9. It seems to me that the Act has provided a summary procedure for recovery of any amount which is found due from a contractor of the Town Area Committee by investing the Magistrate with powers of executing the writ of demand in a rough and ready manner. Clause (2) of Section 34 indicates the nature of jurisdiction of the Magistrate namely that the attachment and sale shall be made in the same manper as attachment and sale of movable and immovable .property and execution of a decree of a civil court. Thus, from a perusal of the plain language of the section it is manifest that the Magistrate is merely an executing agency and cannot go behind the writ of demand issued to him for execution. The Magistrate to whom the writ of demand is sent is not at all competent to enter into the merits of the dues found or assessed against a contractor by the Town Area Committee on the same principle as an executing Court cannot go behind a decree. The Magistrate's limited jurisdiction is merely to realize the amount as provided for in the procedure laid down by this section. This intention of the statute is further reinforced by the proviso to Sub-section (3) of Section 34 of the Act which gives a person a right to go the civil court where he disputes his liability to pay the amount due. The proviso, therefore, completely excludes the Magistrate from questioning the validity of the writ of demand and debars him from an inquiry into the merits of the amount due assessed by the Town Area Committee.

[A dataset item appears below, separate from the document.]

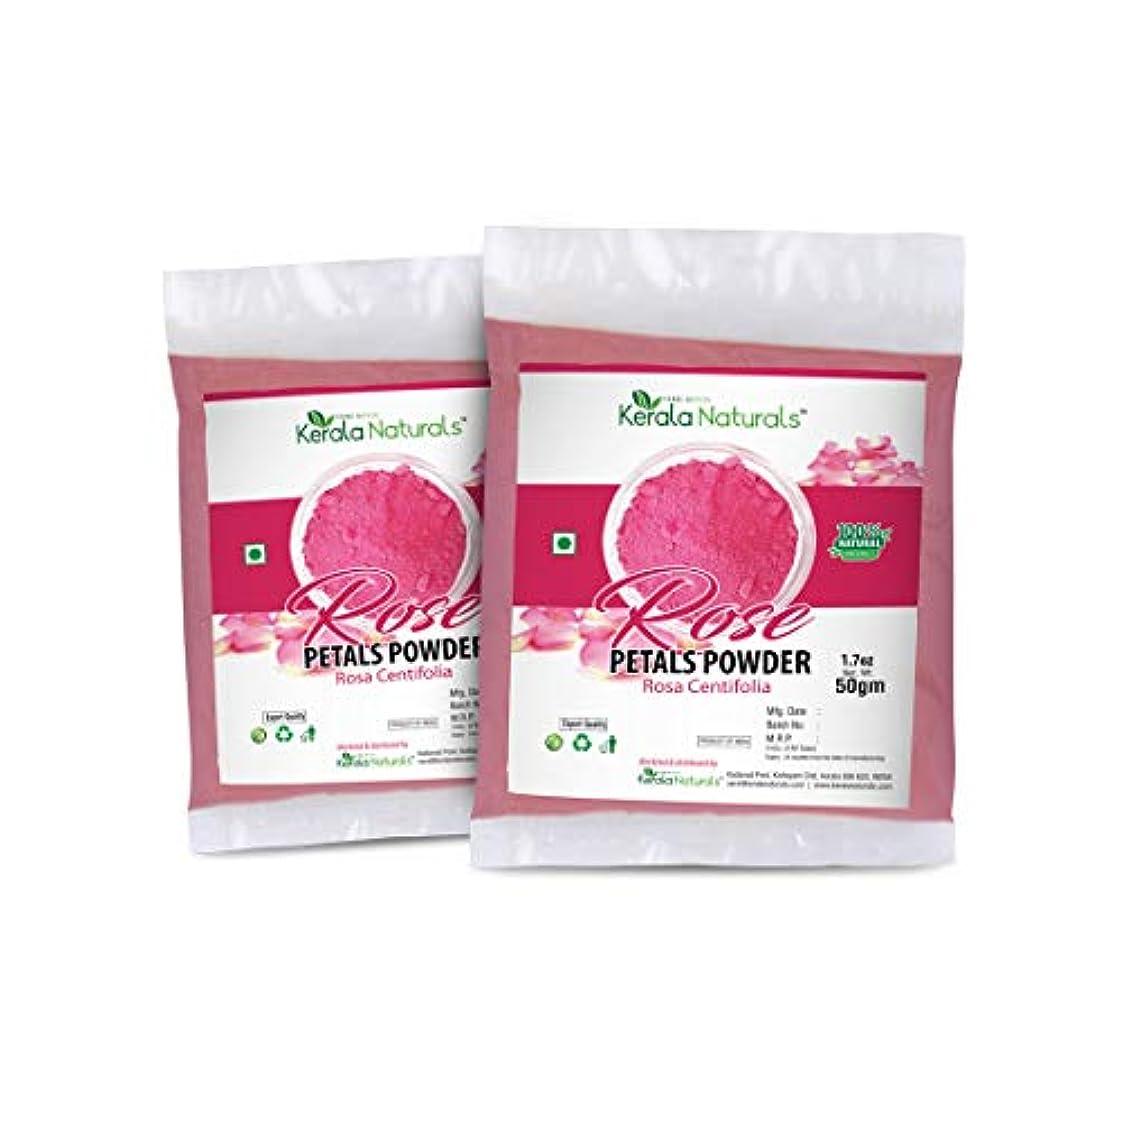 干ばつスナック平和なRose Petals Powder (Rosa Centifolia) for Anti Ageing- 100gm (50gm x 2 Packs) - Rejuvenating and Moisturising Face...

10. In the instant case, the learned Magistrate seems to have, by a process of fruitless imagination, constituted himself a Court of appeal against the writ of demand sent to him for execution. The Magistrate has undoubtedly transcended the limits of the powers conferred upon him by Section 34 of the Town Area Act. The writ of demand can be questioned only where there is an inherent lack of jurisdiction, for instance, where a writ of demand is issued for execution not against a contractor but against a person other than a contractor. Such, however, is not the case here. The language of the section is plain and unambiguous, and I do not see any reason why the learned Magistrate should have raised a useless controversy over the matter. I, therefore, agree with my learned brother that the order of the learned Magistrate in going into the merits of the writ of demand and striking out certain amounts of money on the ground of set off was not only unjustified but was in direct contravention of the clear and specific provisions of Section 34 of the Town Area Act. The reference in my opinion must, therefore, be accepted, the order of the Magistrate be set aside and the Magistrate be directed to proceed according to law, in the light of the aforesaid observations.